How do you solve the absolute value equation #x+absx=28#?

Question

Eva Abramson · Accepted Answer

If #x<0#, the #abs(x)=-x# and #x+absx = 0 !=28# so we must have #x>0# and #absx = x# so we need #x+x=28# and #x=14#

Eva Adamson · Answer

Example: #|-11| = -(-11)# since #-11# is negative and #|-5| = 5# since #5# is already positive. Resuming our inquiry, we have #x + |x| = 28#. Because there are two possible outcomes, #x >=0# or #x<0#, there will only be a maximum of two values for #x#. Case 1: x + x = 28# since #x>=0# x = 14# => 2x = 28# Case 2: # x<0# #=> x - x = 28 => 0 = 28#, but since # 0!= 28# is known, the preceding (final) statement is ambiguous.
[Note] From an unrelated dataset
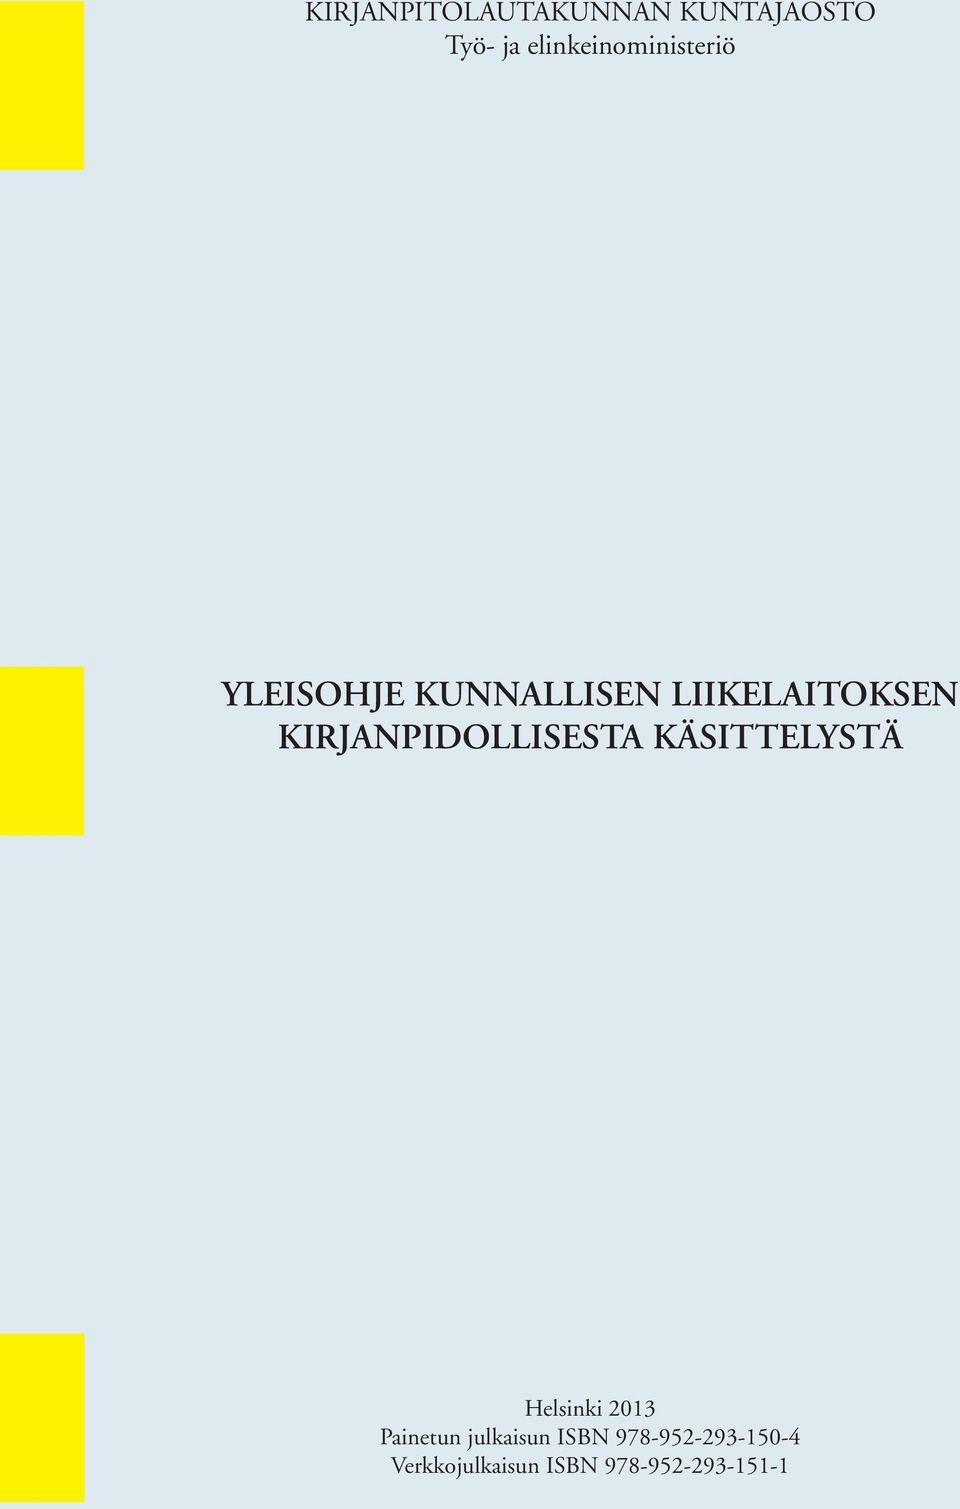 KIRJANPIDOLLISESTA KÄSITTELYSTÄ Helsinki 2013 Painetun

Thus, #x = 14# is the only value we can keep.

Abigail Allen · Answer

undefined To solve the absolute value equation $ x + |x| = 28 $, you need to consider two cases: when $ x $ is positive and when $ x $ is negative.

1. When $ x \geq 0 $: In this case, $ |x| = x $. So, the equation becomes $ x + x = 28 $, which simplifies to $ 2x = 28 $. Solve for $ x $ to get $ x = 14 $.

2. When $ x < 0 $: In this case, $ |x| = -x $. So, the equation becomes $ x - x = 28 $, which simplifies to $ 0 = 28 $. However, this is not a valid solution because it leads to a contradiction.

Thus, the solution to the absolute value equation $ x + |x| = 28 $ is $ x = 14 $.